Jefferson Pinder: Hyde Park Art Center
Jefferson Pinder’s first Chicago exhibition, “Onyx Odyssey,” is ambitious and nuanced, shying away from depicting a singular black experience in favor of a fluctuating and ambiguous study of American society. Above the gallery’s entrance is Gauntlet, 2015, a cluster of charred police batons strung by invisible wires. On the other side of the room hangs POTUS, 2015, a white neon drawing of President Obama’s eyes. The gaze is as cool as a billboard, conjuring a dream where anyone can succeed. Between these works stands Monolith (Dream Catcher), 2015, a collection of African masks piled inside a one-way glass vitrine with blue light. The masks remain hard to see but are seductive, slipping between a nonspecific archetypal group and a tomb of individuated faces. Monolith (Dream Catcher) reflects Assimilated, 2009, another white neon outline of the human body rising from a pile of coal on the ground.
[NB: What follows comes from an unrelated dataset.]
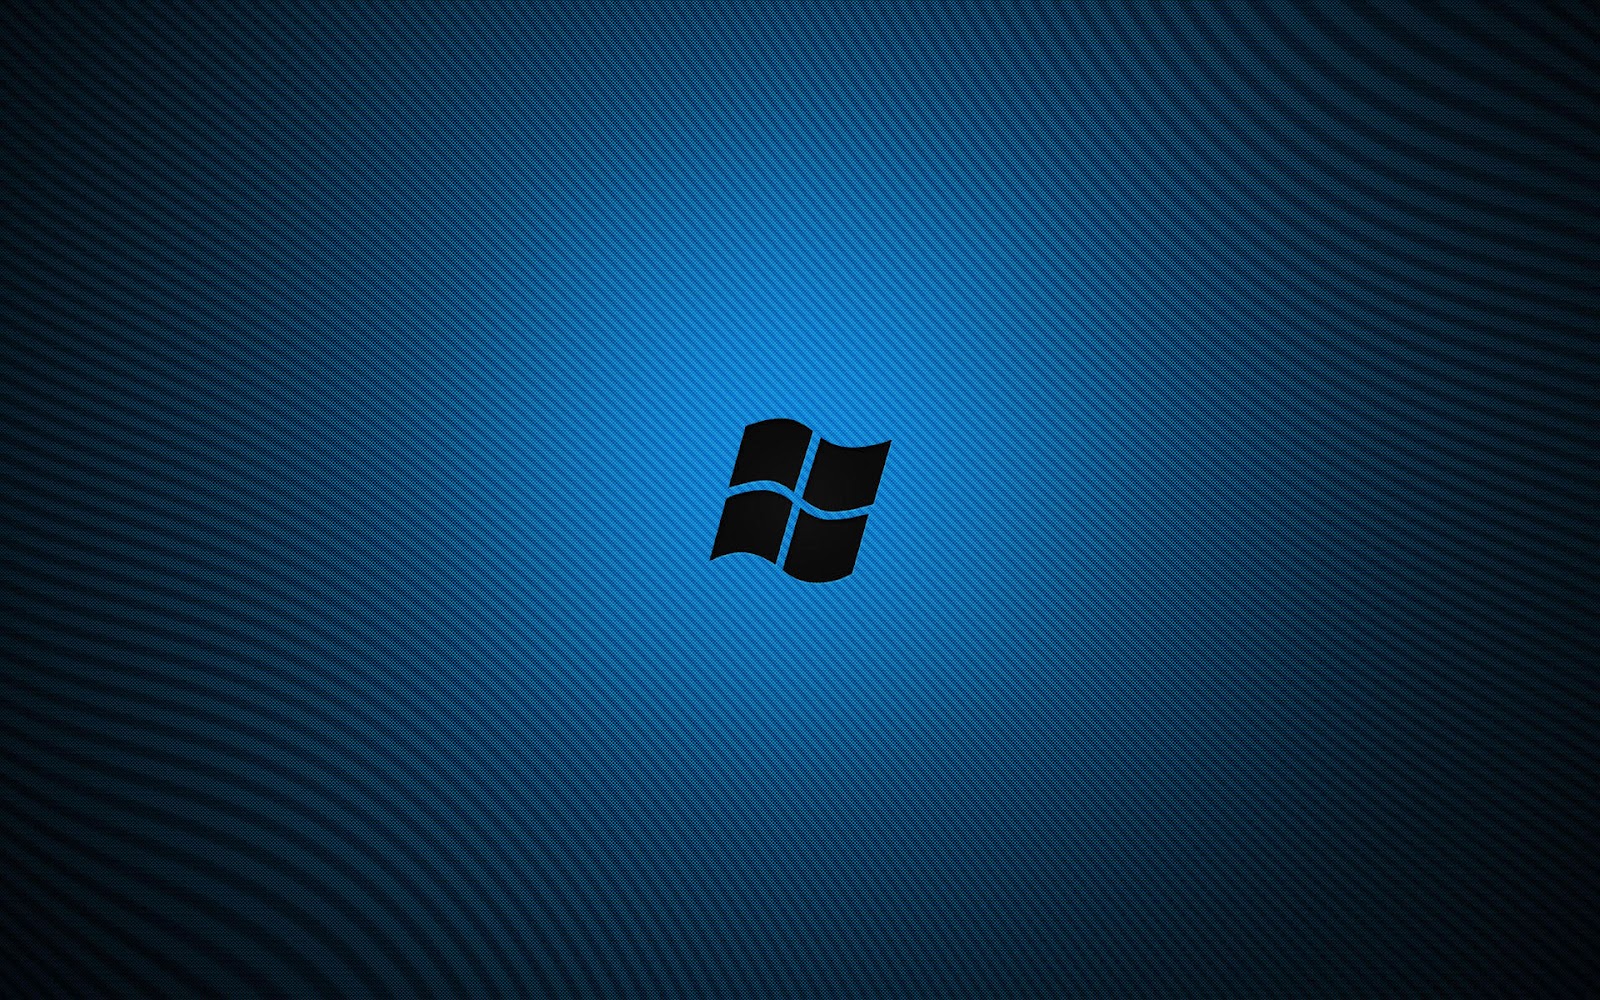 http://3.bp.blogspot.com/-Rqyaktb7i60/T3BH6eVuFwI/AAAAAAAAAQw/fLuutjVmfIw/s1600/windows+7+wallpaper+hd+blue.jpg

Even in its ambivalent transcendence, a hierarchical juxtaposition of black and white remains.
Celebratory moments occur as well, as with Pinder’s two-channel cinematic interpretation of Du Bois’s 1911 historical pageant, The Star of Ethiopia. Here, a veiled woman in a white dress soars through Chicago’s South Side with euphoric ease. Or high above POTUS, projected through windows onto the street, a multi-channel video titled Countermeasure, 2015, loops with a break-dancing crew’s translation of gestures from Black Lives Matter protests. Unlike the vitrine, the collected gestures are accessible and unfixed, marking a collective refusal of injustice.